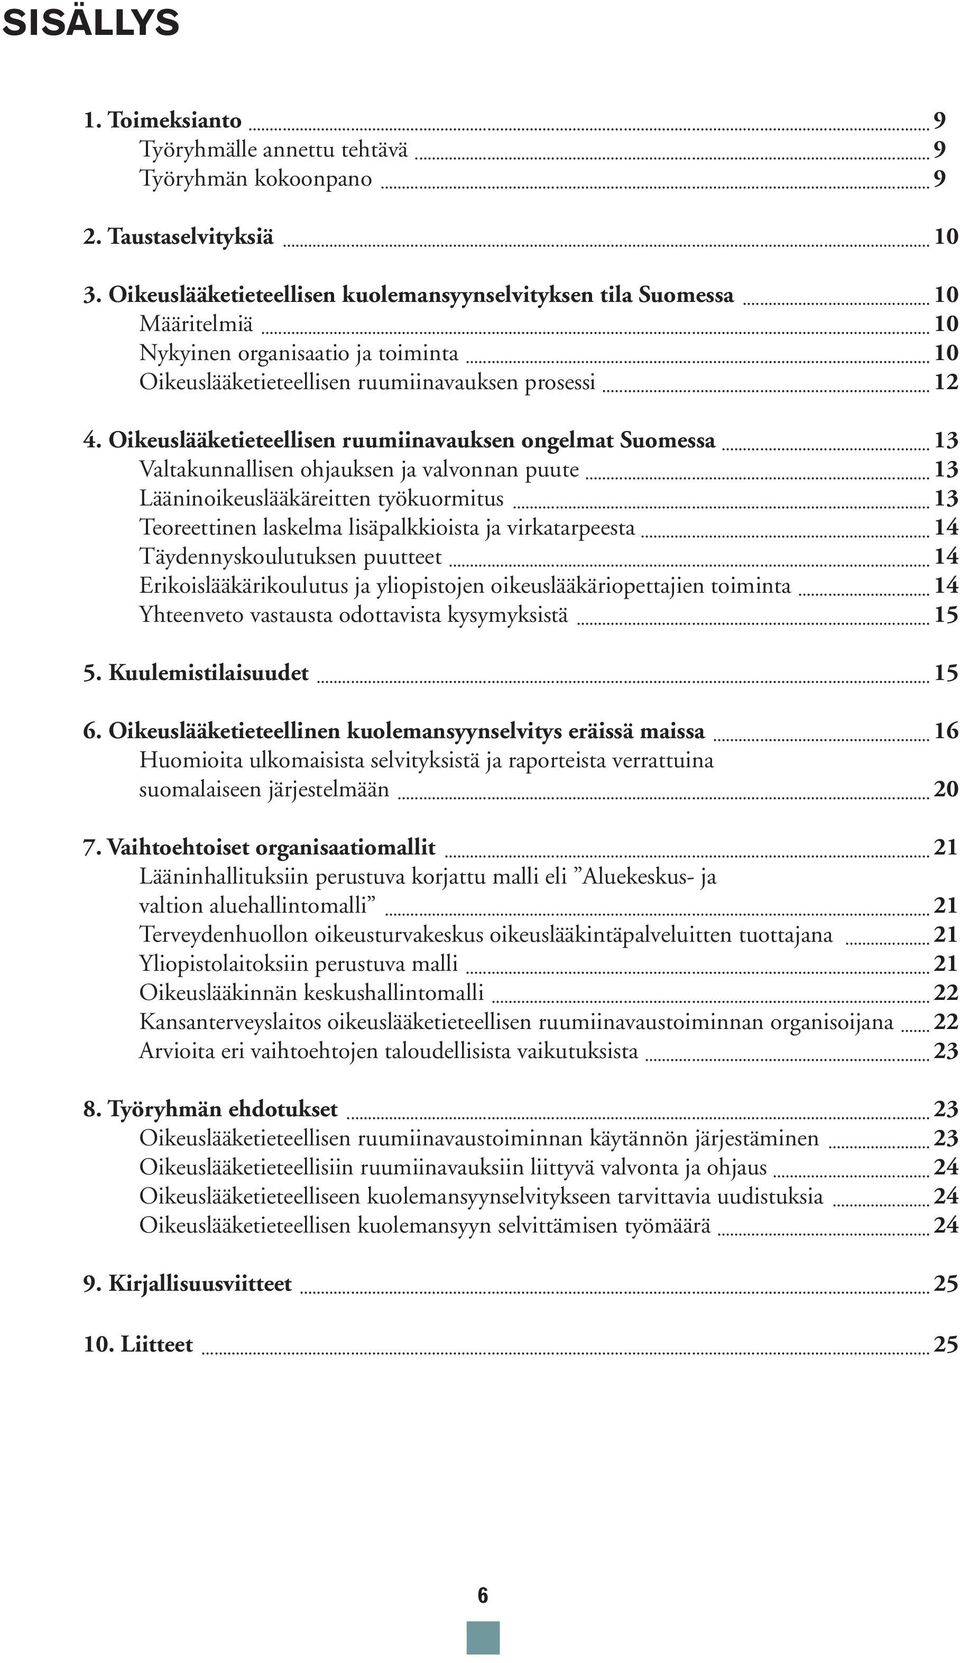 Oikeuslääketieteellisen ruumiinavauksen ongelmat Suomessa 13 Valtakunnallisen ohjauksen ja valvonnan puute 13 Lääninoikeuslääkäreitten työkuormitus 13 Teoreettinen laskelma lisäpalkkioista ja
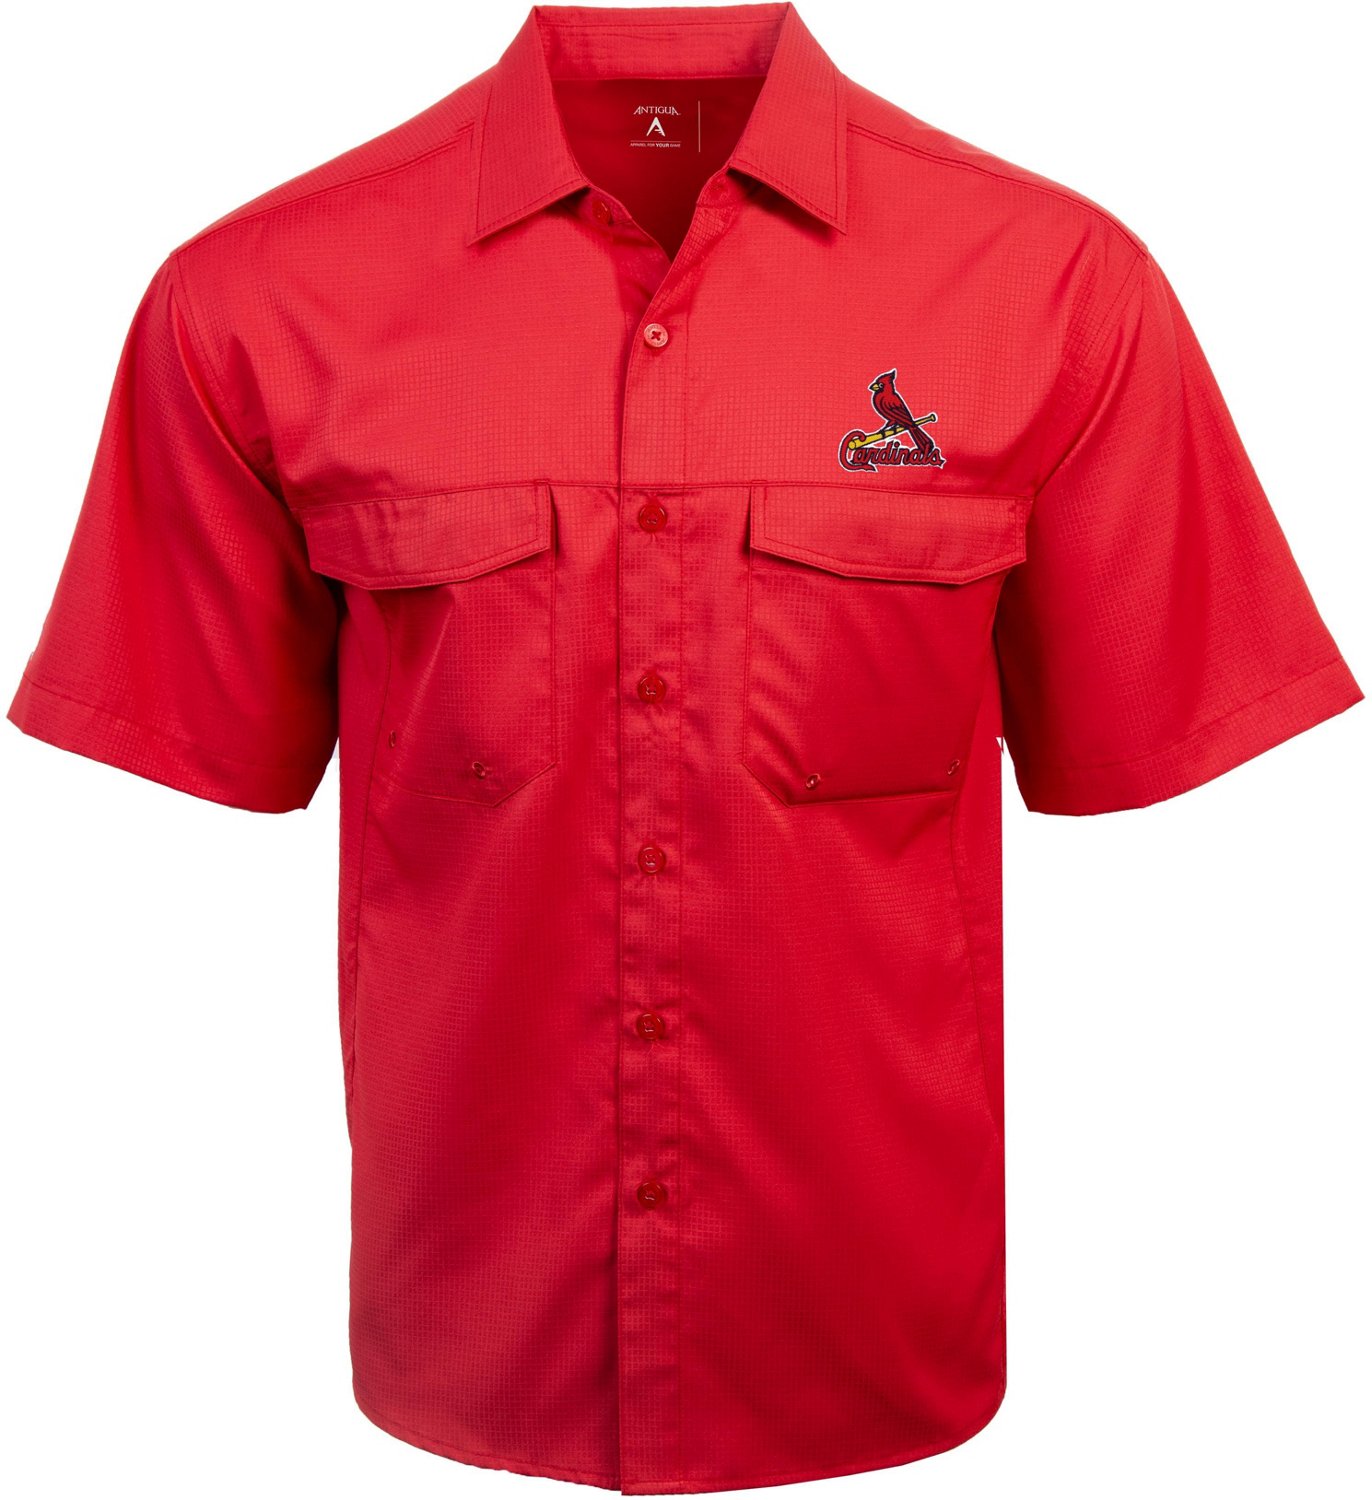 Women's Antigua St. Louis Cardinals Red Structure Woven Shirt
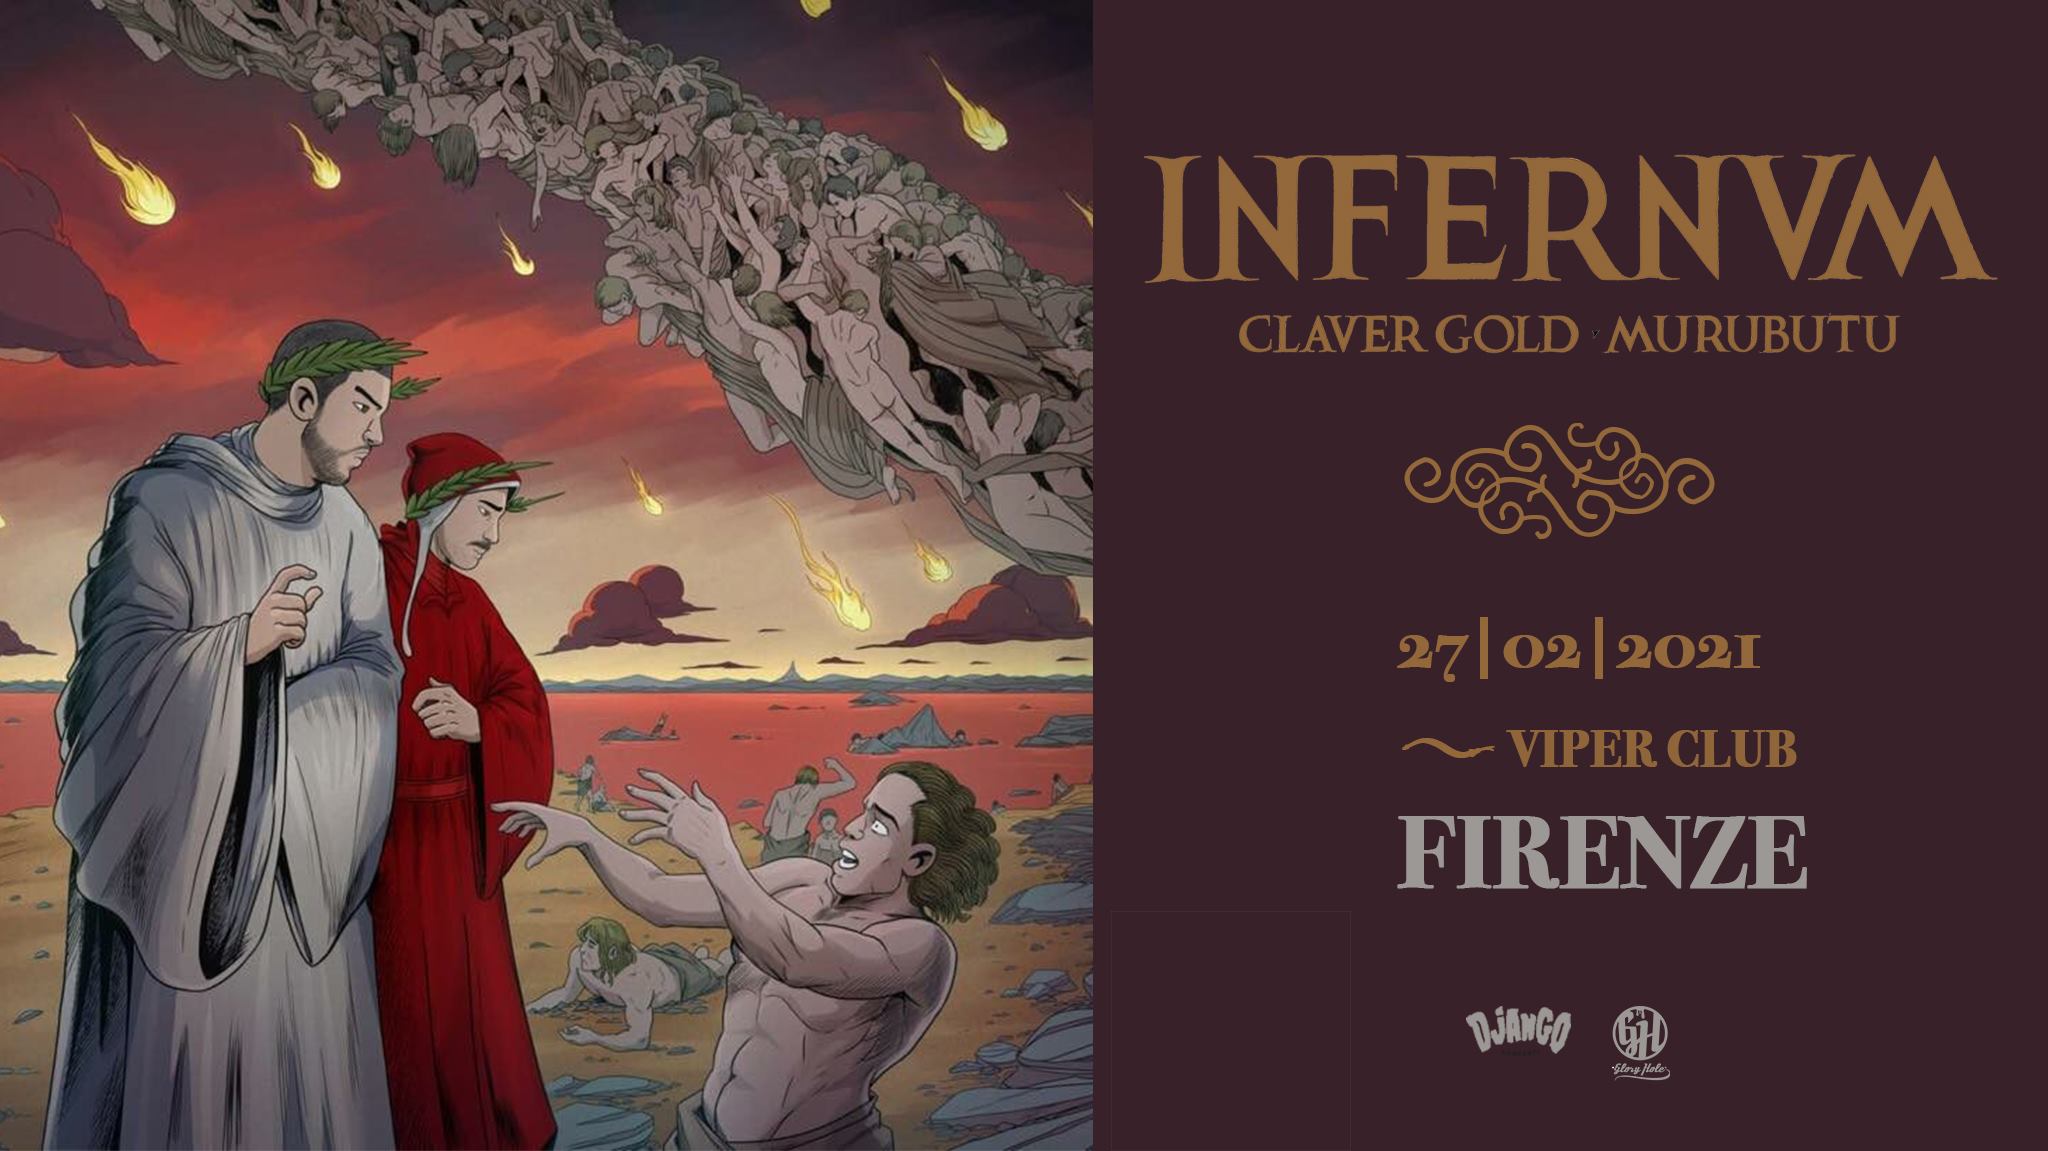 Claver Gold & Murubutu "Infernvm tour", Viper Club Firenze
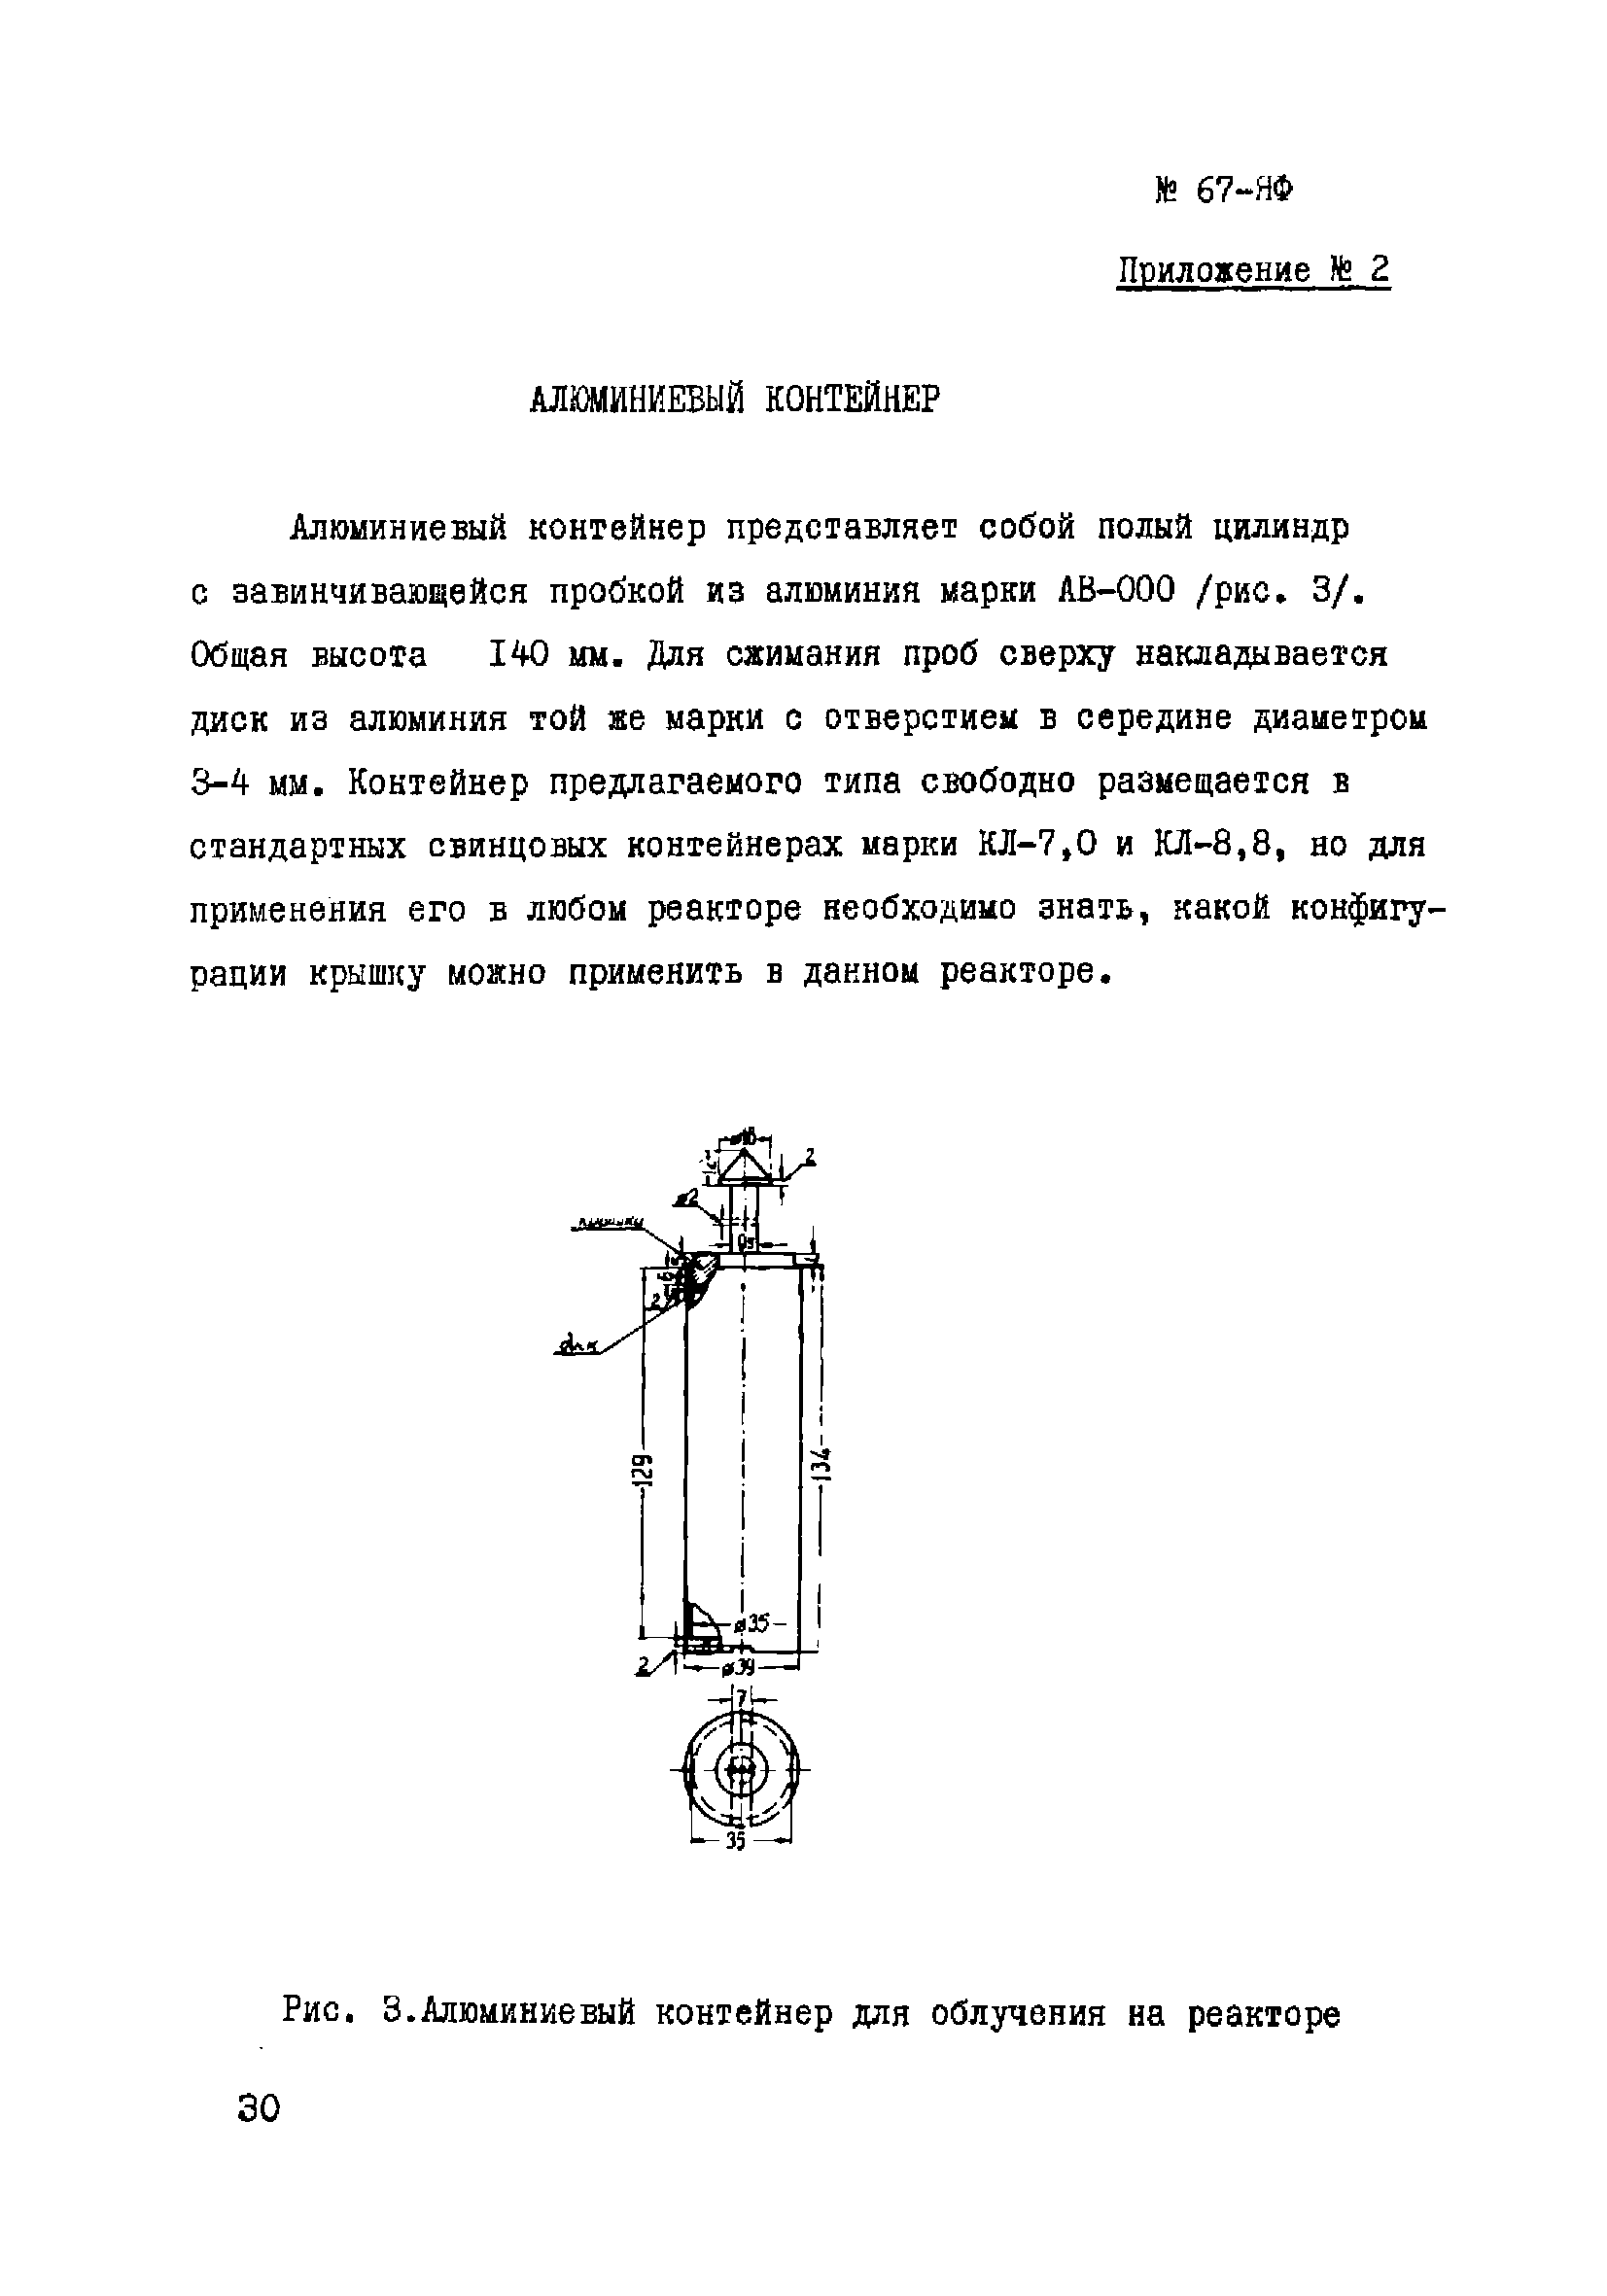 Инструкция НСАМ 67-ЯФ

──────

Task item:
The lines to write out run from the one containing "Claver Gold &" through the final line of the material above, both included; write them out exactly, with no pictures.

The completed task:
 Claver Gold & Murubutu "Infernvm tour", Viper Club Firenze
 Инструкция НСАМ 67-ЯФ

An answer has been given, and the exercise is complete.